All’avvio ITA opererà con una flotta di 52 aerei che crescerà nel 2022 fino a 78 aeromobili con l’inizio dell’inserimento di apparecchi di nuova generazione. A fine 2025 la flotta salirà a 105 aerei, 81 dei quali di nuova generazione (il 77% della flotta) per ridurre significativamente l’impatto ambientale e ottimizzare efficienza e qualità dell’offerta

Collegamenti verso 45 destinazioni

L'avvio delle operazioni di ITA sarà concentrato per la maggior parte su rotte scelte in base alla loro profittabilità. Lo prevede il piano approvato oggi. ITA focalizzerà la propria attività sull'hub di Fiumicino e sull'aeroporto di Milano Linate, dove si posizionerà come la compagnia aerea di riferimento per il traffico business e leisure. All'avvio delle attività, la compagnia servirà 45 destinazioni con 61 rotte che saliranno a 74 destinazioni e 89 rotte nel 2025, a conclusione del processo di ribilanciamento dei voli verso il settore del lungo raggio che ha l'obiettivo di colmare il gap di connettività del Paese. Sulla rete di lungo raggio, nella stagione IATA Winter 2021 ITA opererà collegamenti su New York (da Roma e Milano), Tokyo Haneda, Boston e Miami (tutte e tre da Roma), ma già con la stagione IATA Summer 2022 la compagnia prevede di avviare nuovi voli su San Paolo, Buenos Aires, Washington e Los Angeles. Sulla rete di breve e medio raggio ITA prevede di operare alla partenza collegamenti da Fiumicino e da Linate con le principali destinazioni europee (tra cui Parigi, Londra, Amsterdam, Bruxelles, Francoforte, Ginevra, con previsione di incrementare ulteriormente il numero di destinazioni e frequenze già con la stagione IATA Summer 2022). Si aggiungono poi numerose altre rotte internazionali servite da Roma (tra le quali, per esempio, quelle per Madrid, Atene Tel Aviv, Cairo, Tunisi e Algeri).

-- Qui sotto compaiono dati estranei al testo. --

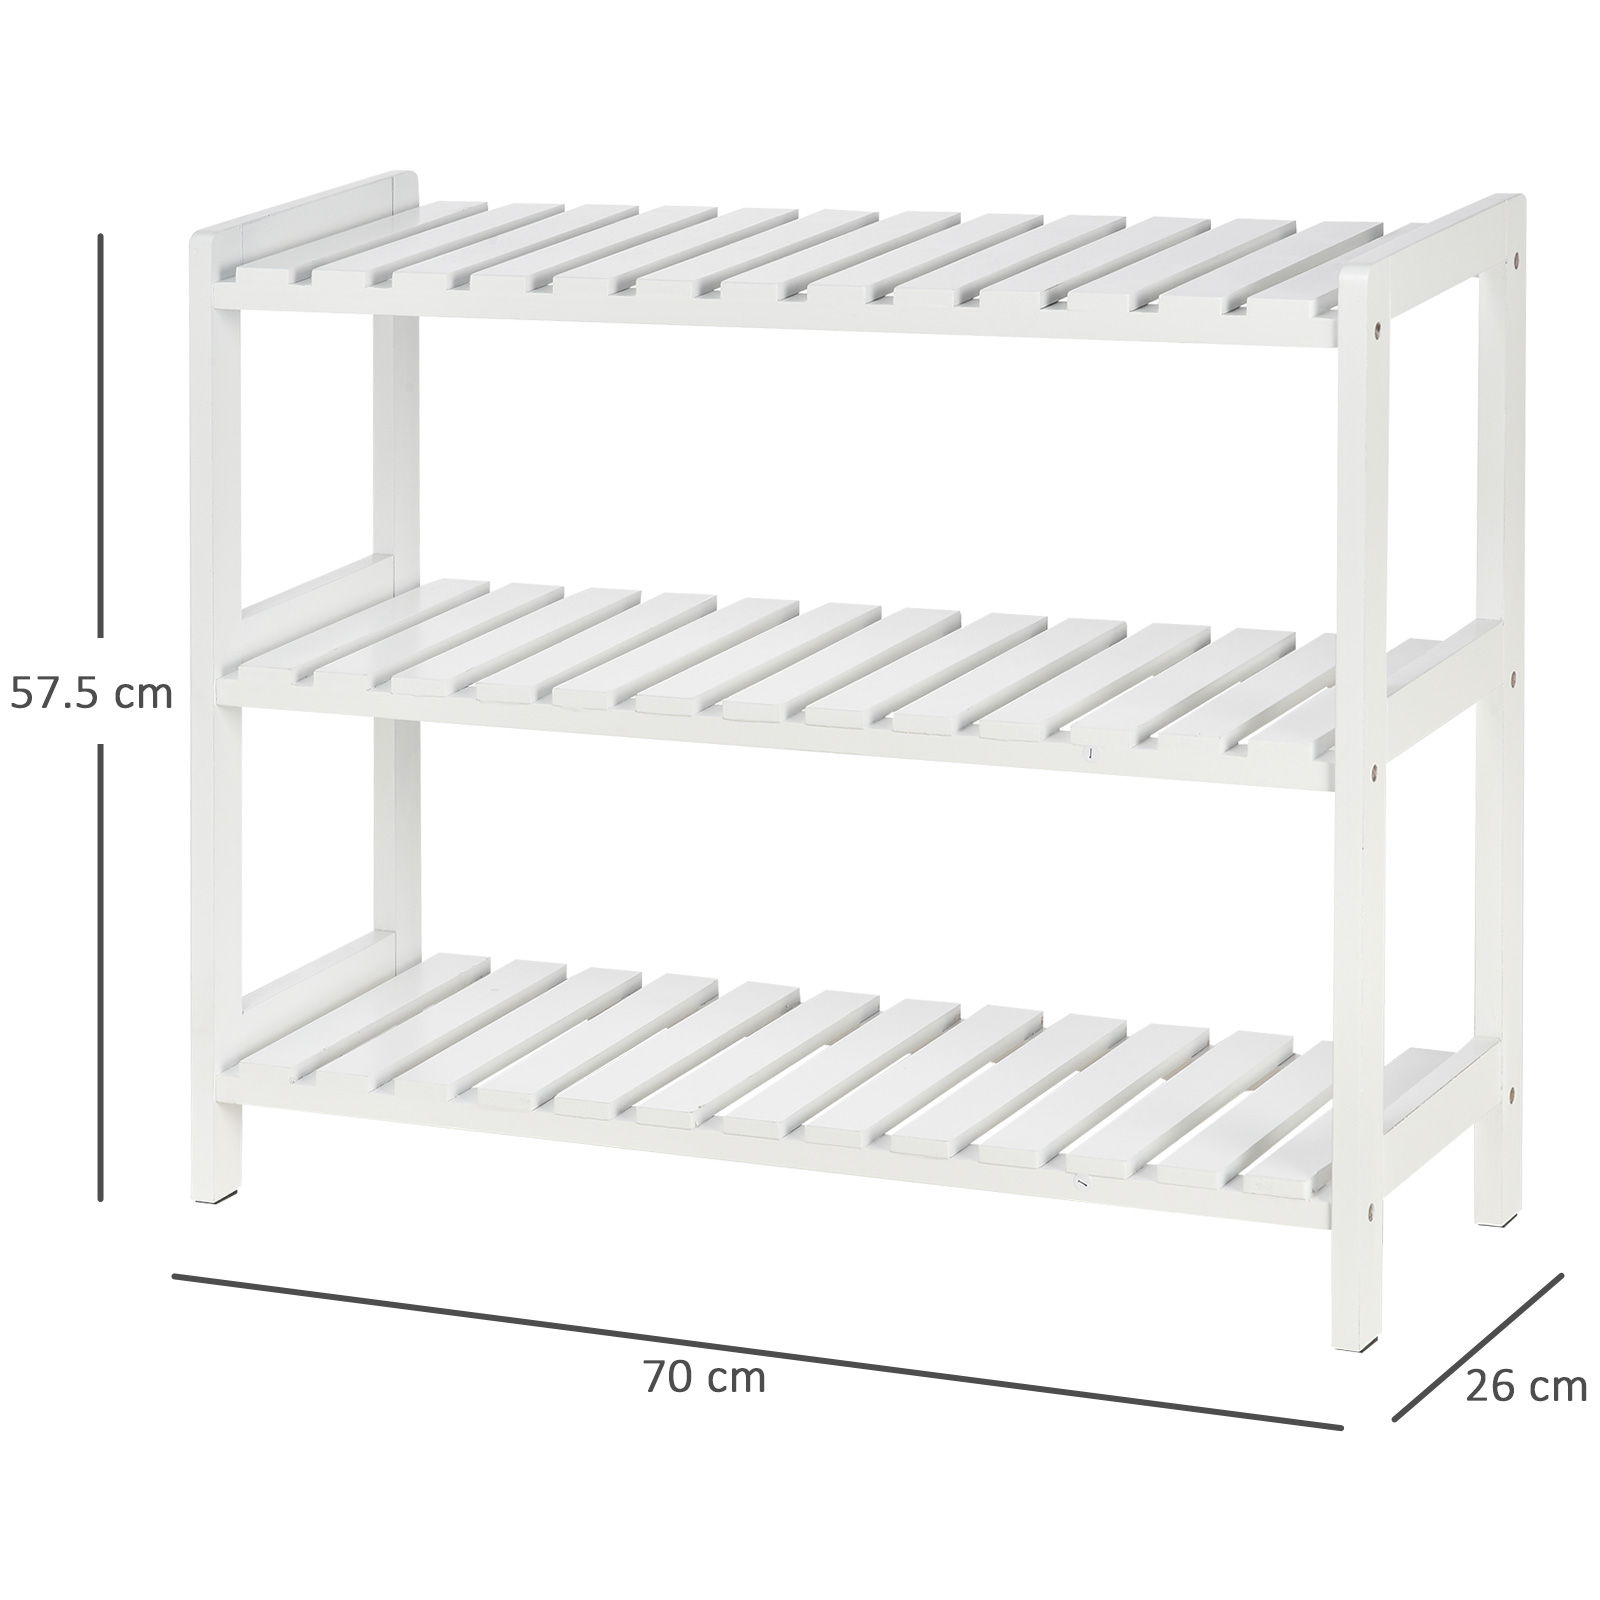 HOMCOM 3-Tier Shoe Rack Wood Frame Slatted Shelves Spacious Open Hygienic Storage Home Hallway Furniture Family Guests 70L x 26W x 57.5H cm - White

Dopo una notte di lavoro per gli uffici tecnici che si occupano della nuova Alitalia, protagonisti i funzionari di Mef, Mise e Ministero delle Infrastrutture con i colleghi della Commissione europea, è stata messa a punto la lettera formale, su cui mancano solo le firme.

Come previsto, la nuova Ita partirà a metà ottobre. Il pacchetto di interventi prevede una discontinuità totale e interviene su riduzione dei costi, slot e aerei in flotta. Nessuna sorpresa, la discontinuità di Ita sarà totale come richiesto dalla commissaria Vestager.

«Non so se sarà questa la settimana chiave, ma siamo vicini a un punto decisivo», aveva dichiarato lunedì Fabio Lazzerini, amministratore delegato di Ita, rispondendo a una domanda sui tempi di partenza della nuova compagnia, nel corso di un evento organizzato da Enav per celebrare i 40 anni di attività.

«Con la commissione Ue - aveva spiegato Lazzerini - c’è stata una interlocuzione costruttiva, ma molto difficile. Abbiamo elaborato 15 scenari di piano industriale in cui abbiamo tenuto conto di tutti i parametri richiesti dalla Ue che chiede una forte discontinuità rispetto al passato».

L’accordo era stato preannunciato anche dal ministro delle Infrastrutture e della mobilità sostenibili, Enrico Giovannini: «Sono in corso di definizione gli ultimi dettagli. A giorni arriverà l'annuncio finale».